Regardless of the scale or type of planning, the needs of frontline communities affected by (or within the scope and scale of the plan) should be a central component of the planning and decisionmaking processes. And in advance of, or in conjunction with, planning efforts, cities should also assess existing and future vulnerabilities to climate change. In order to effectively integrate equitable natural resilience solutions into planning efforts, cities should have an understanding of their climate-related risks (e.g., flooding — whether driven by rainfall/stormwater, riverine, or coastal geography, extreme heat, drought, etc.) and the overlap of high-exposure areas with frontline and disadvantaged communities and areas lacking greenspace; in many cities there is a high correlation and overlap between these three categories. This information can help cities ensure that plan components relating to natural resilience investments, and the planning process itself, target communities most likely to be affected first and worst by the impacts of climate change.

Considerations of Planning Tools for Natural Resilience


  • Costs of planning efforts may include vulnerability and risk assessments and other data initiatives to inform priorities, such as outreach and engagement costs (including compensation for community members’ time).


  • Planning efforts can lay the groundwork for implementation of projects that achieve environmental benefits ranging from carbon sequestration and air/water pollutant filtration to stormwater and flood mitigation.


  • City-led planning efforts should aim to meaningfully engage communities through trusted representatives to understand and integrate community priorities, and address community concerns related to greening.
  • Regardless of the planning scale or topic (e.g., comprehensive, hazard mitigation), plans should center equity in setting a vision, goals, and actions for building resilience.


  • Robust community outreach and engagement can be resource- and time-intensive, particularly for planning efforts at larger (city or county) scales.
  • Certain planning processes can be highly burdensome and time-consuming (e.g., comprehensive plan updates); cities should take advantage of planned update timelines to evaluate how equity is addressed in comprehensive plan chapters and policies relating to green infrastructure and natural resilience, and make changes needed, allowing time for adequate community engagement.

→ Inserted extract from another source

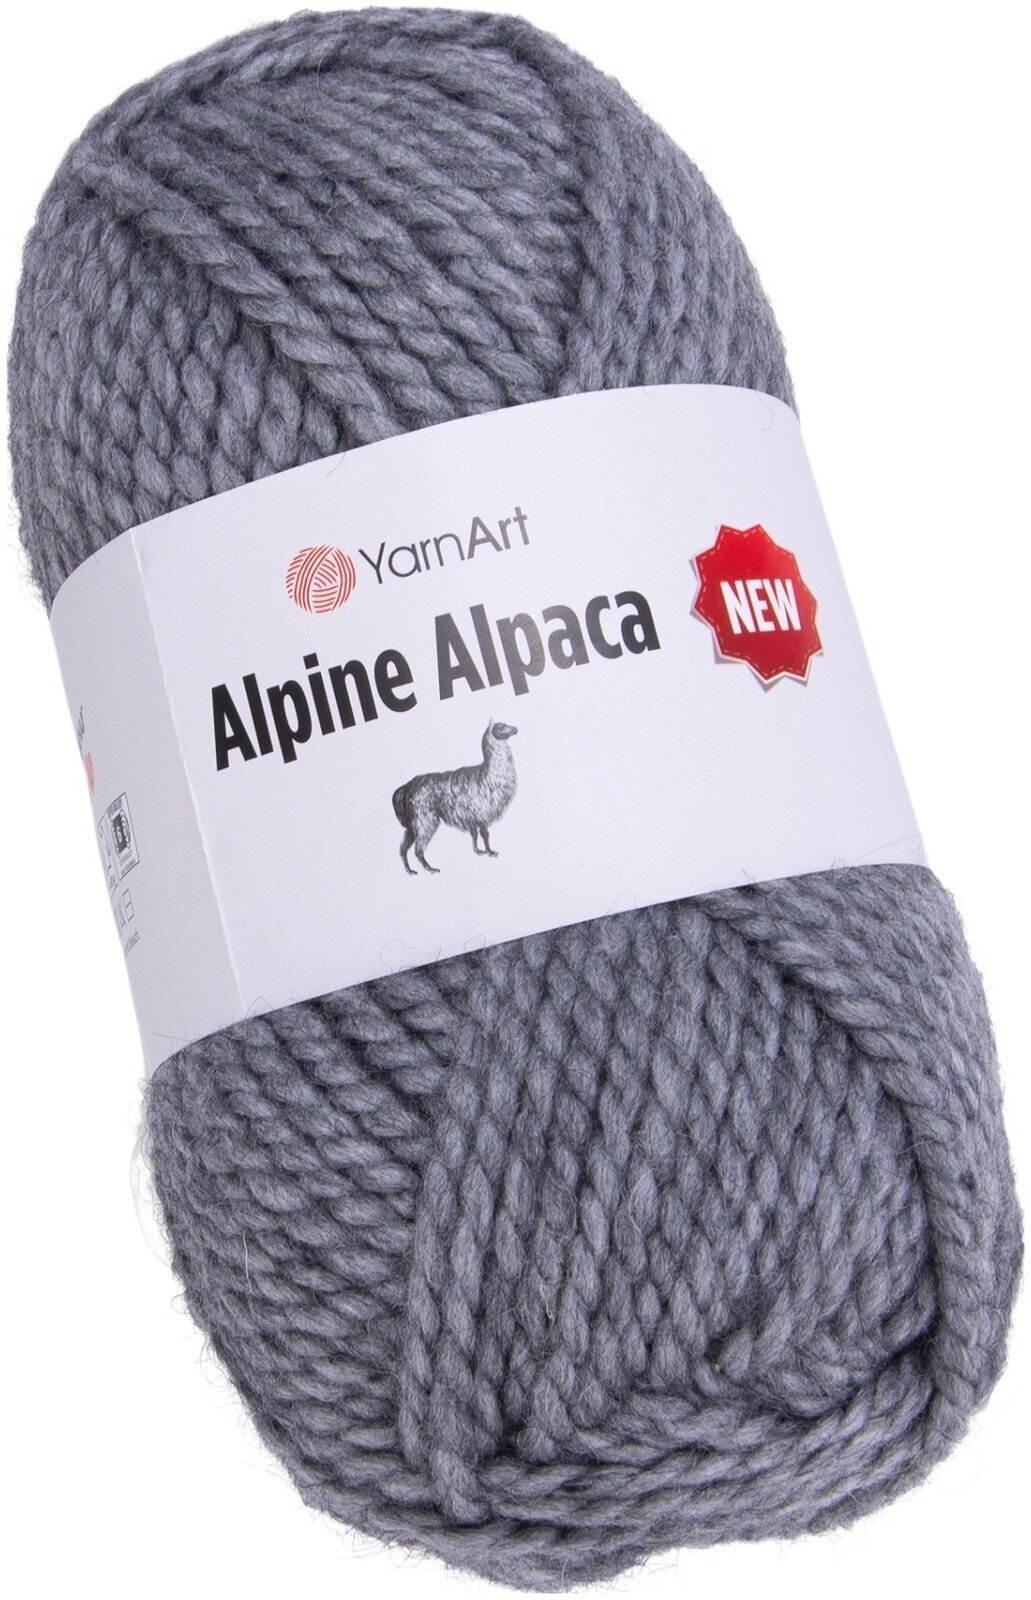 Strikkegarn Yarn Art Alpine Alpaca 1447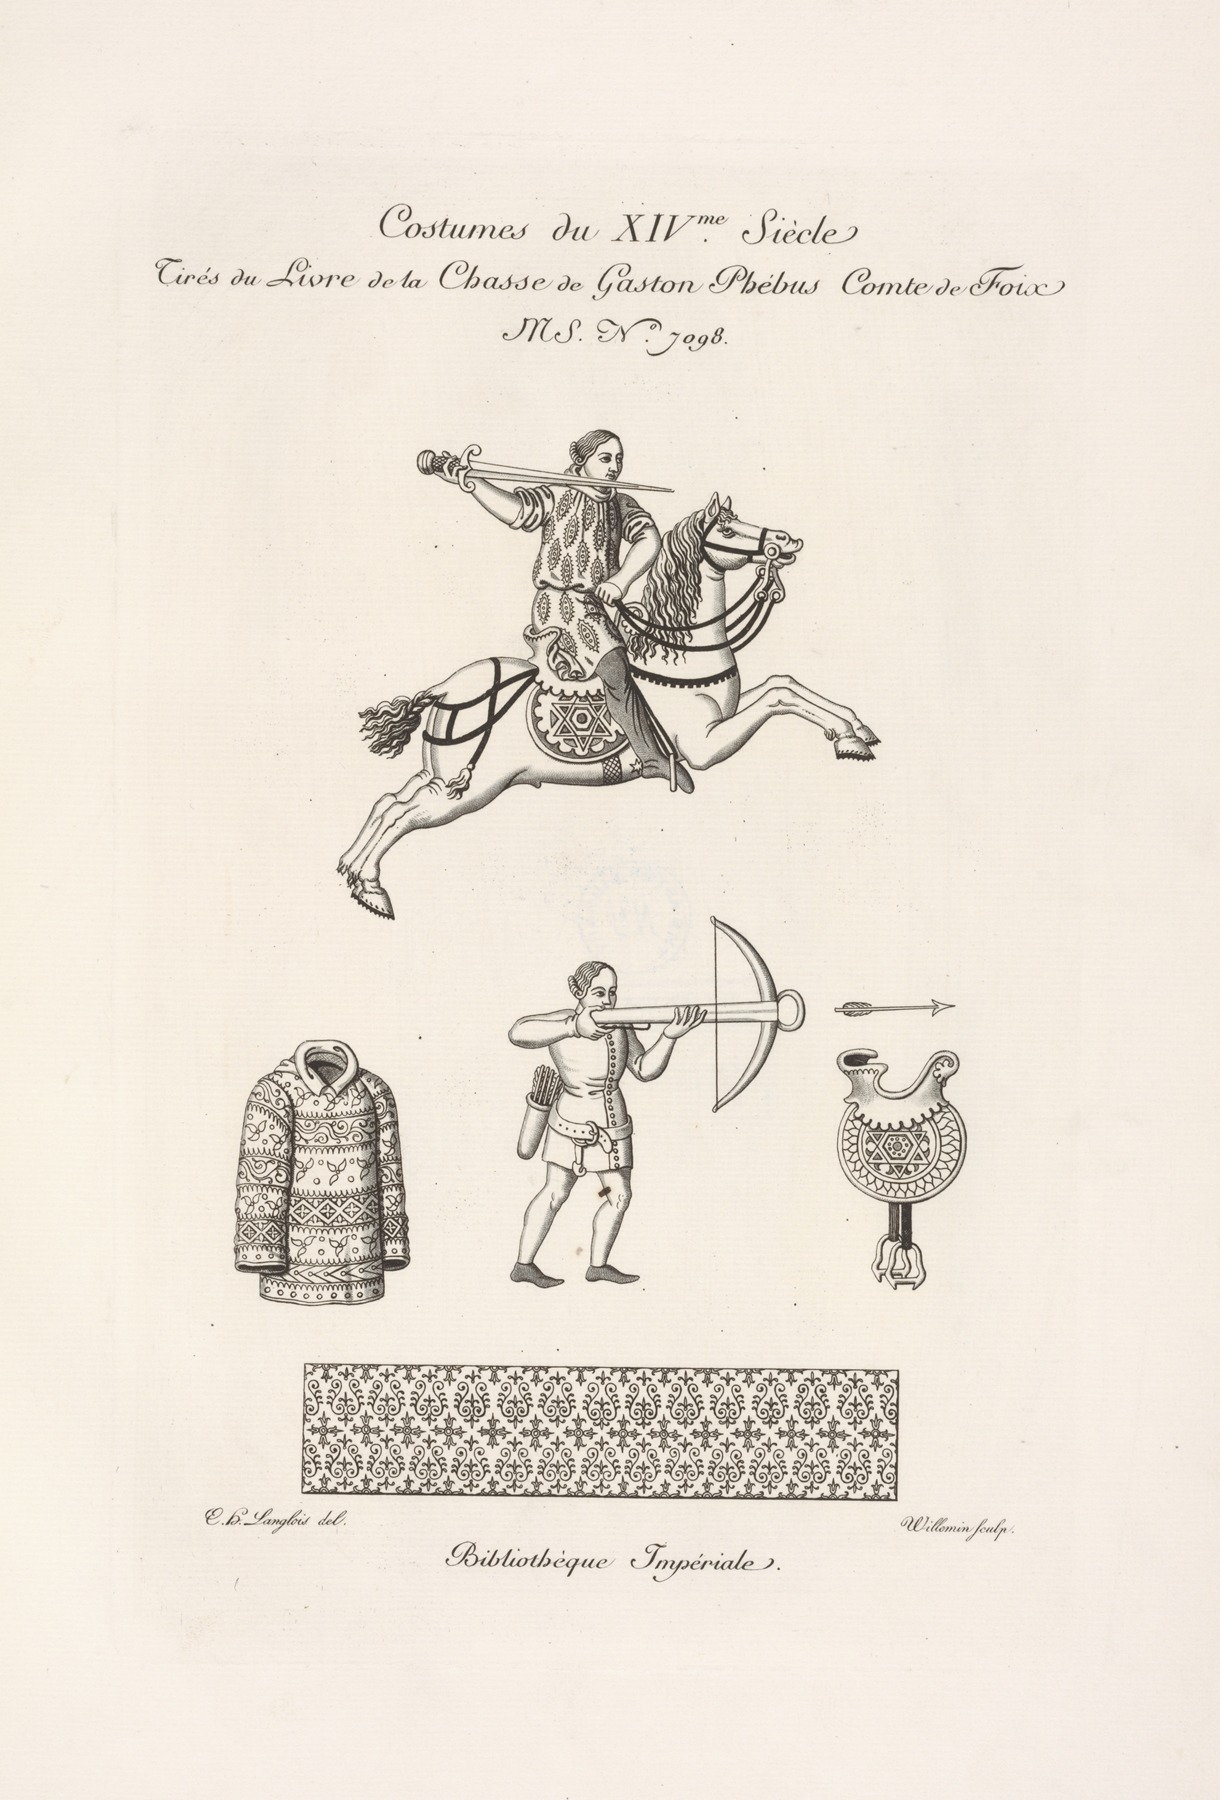 Nicolas Xavier Willemin - Costumes du XIVme. siècle tirés du livre de la chasse de Gaston Phébus comte de Foix MS. No. 7098.

  • Cities must consider and comply with any federal and state planning requirements (e.g., incorporating climate change into hazard mitigation planning).
  • Comprehensive plans create an overarching framework with which local regulations and other planning efforts must be consistent; cities can use the process of updating comprehensive plans to center equity.

Lessons Learned

  • Build in adequate time and resources for meaningful community engagement throughout the planning process.
  • Utilize periodic plan update cycles (e.g., with comprehensive plans, hazard mitigation plans) to ensure that needs for developing and implementing equitable natural resilience solutions are fully integrated.